Atribuir status de divindades para governantes, ou até mesmo dons espirituais, é um comportamento milenar, datando desde o Egito Antigo e da Idade Média. No entanto, o que foi ainda é mal interpretado pelos povos ocidentais é a ideia de que os japoneses enxergavam os imperadores como um deus no sentido literal, quando, na verdade, desde o século VI, ficou determinado que ele descendia dos kami (espíritos), ou que estava em constante contato espiritual com eles.
Claro, havia exceções nesse cenário, visto que os povos camponeses mais apegados às raízes culturais, principalmente os mais velhos, poderiam levar o conceito de modo mais literal.
Ainda que isso não fizesse de o imperador um verdadeiro deus, a cultura impôs a obrigação a ele de realizar alguns rituais devocionais para garantir a satisfação e o cuidado adequado do Japão pelos kami, assegurando sua prosperidade como nação.
“Criando” um deus
(Fonte: The Conversation/Reprodução)
Até a Restauração Meiji, entre 1868 e 1889, um período em que várias transformações teocráticas nas áreas institucionais, educacionais, econômicas, religiosas e governamentais aconteceram —, o poder divino de um imperador não foi refletido em seu poder político. Ou seja, ele tinha pouca autoridade e vivia em reclusão no Japão.

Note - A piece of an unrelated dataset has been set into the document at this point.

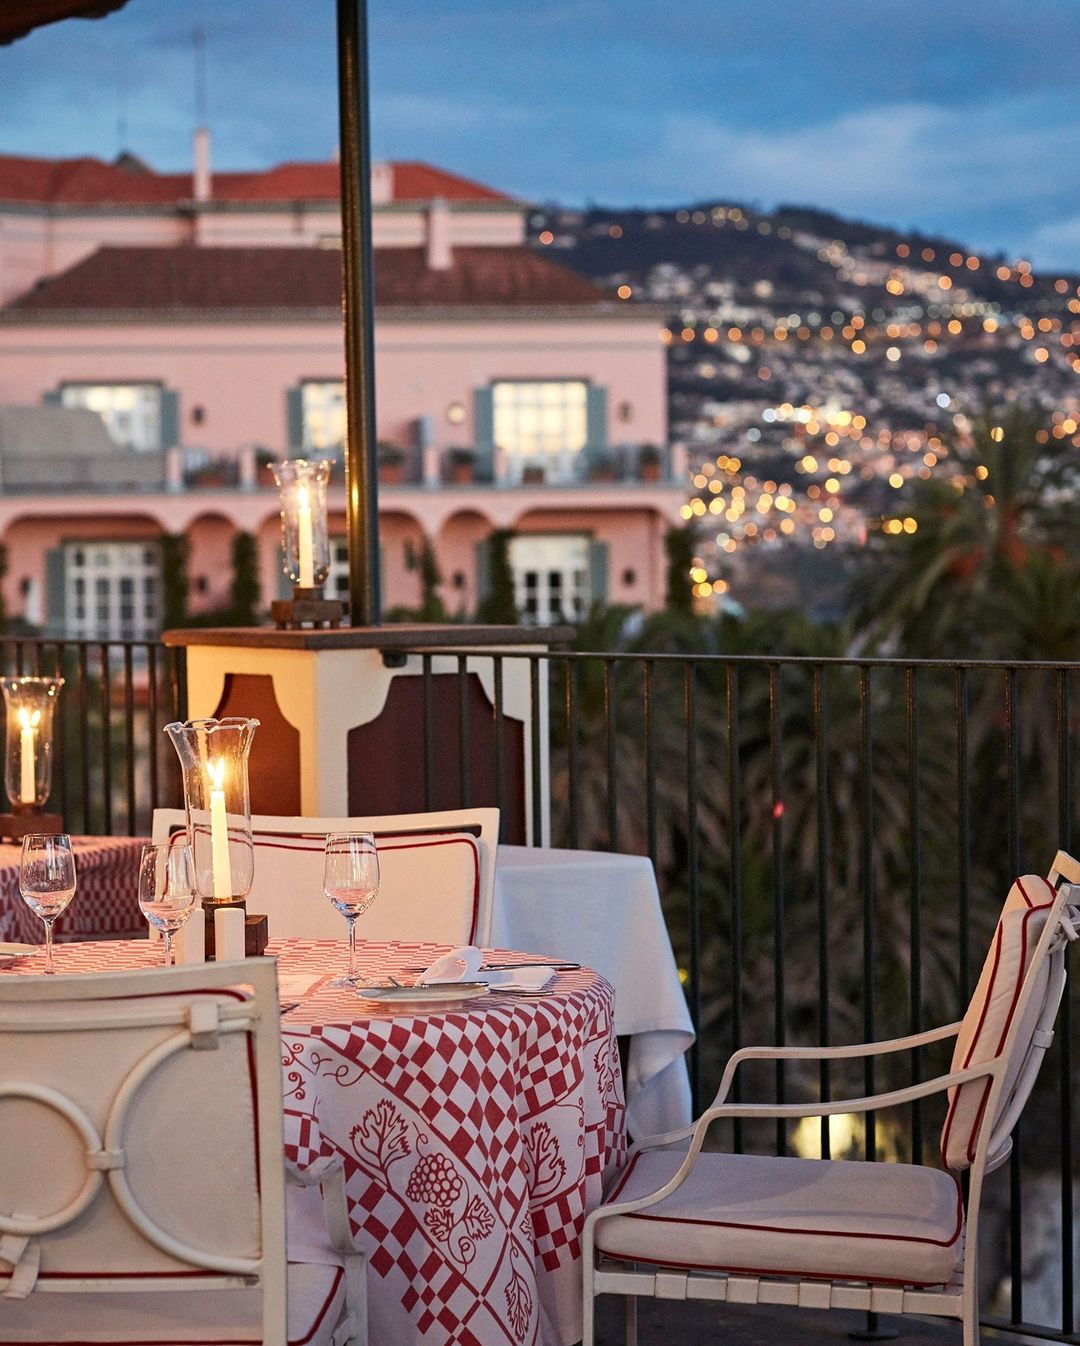 Overlooking the jagged coastline of Funchal Harbour, Reid's Palace is home to Ristorante Villa Cipriani, a slice of Italy brought to Madeira

Foi durante a década de 1930 que começou a ser ensinado que o imperador era um “deus manifesto”, mas não significava que era onisciente nem onipotente, apenas que manifestava algumas qualidades de natureza divina, como ser descendente de Ameratsu, o cargo mais alto dos kami.
Devido a isso, se tornou lógico para os japoneses que o imperador deveria ser obedecido e adorado como um deus, ainda que não fosse propriamente um. Em 7 de dezembro de 1941, quando o imperador Hirohito autorizou o ataque ao Pearl Harbor, arrastando os Estados Unidos para a Segunda Guerra Mundial, o status divino do imperador se tornou um elemento vital para o patriotismo japonês e o entendimento de si como uma nação.
Declarando a verdade
Imperador Hirohito. (Fonte: Europeana/Reprodução)
Com isso, surgiu a má percepção de que os japoneses achavam que Hirohito era uma espécie de divindade encarnada, e que não faziam ideia de que era um ser humano até que ele emitiu a notória Declaração de Humanidade, em 1º de janeiro de 1946, como causa direta do fim da já anunciada Segunda Guerra Mundial.
Quando o imperador assinou a rendição total do Japão, em 14 de agosto de 1945, e no dia seguinte se pronunciou diretamente para o povo pela primeira vez, boa parte da população, principalmente os camponeses, temeu que Hirohito ordenasse que todos tirassem a própria vida, devido ao código de conduta bushido — além de que a nação nunca havia se rendido ou perdido uma guerra até aquele momento. Mas nada disso aconteceu.(Fonte: The Atlantic/Reprodução)
Com o desastre das bombas de Hiroshima e Nagasaki consumindo todos os aspectos do país, as pessoas passaram a acreditar que os poderes do imperador havia diminuído devido à derrota.
E naquele janeiro de 1946, Hirohito emitiu sua Declaração de Humanidade, a pedido do Comandante Supremo das Forças Aliadas, negando veementemente para todo o Japão seu conceito de divindade, esclarecendo que não possuía nenhum aconselhamento celestial.
A declaração foi o que levou à promulgação da nova Constituição do Japão, escrita em 3 de maio de 1947 pela ocupação Aliada, derrubando a Constituição de Meiji de 1890.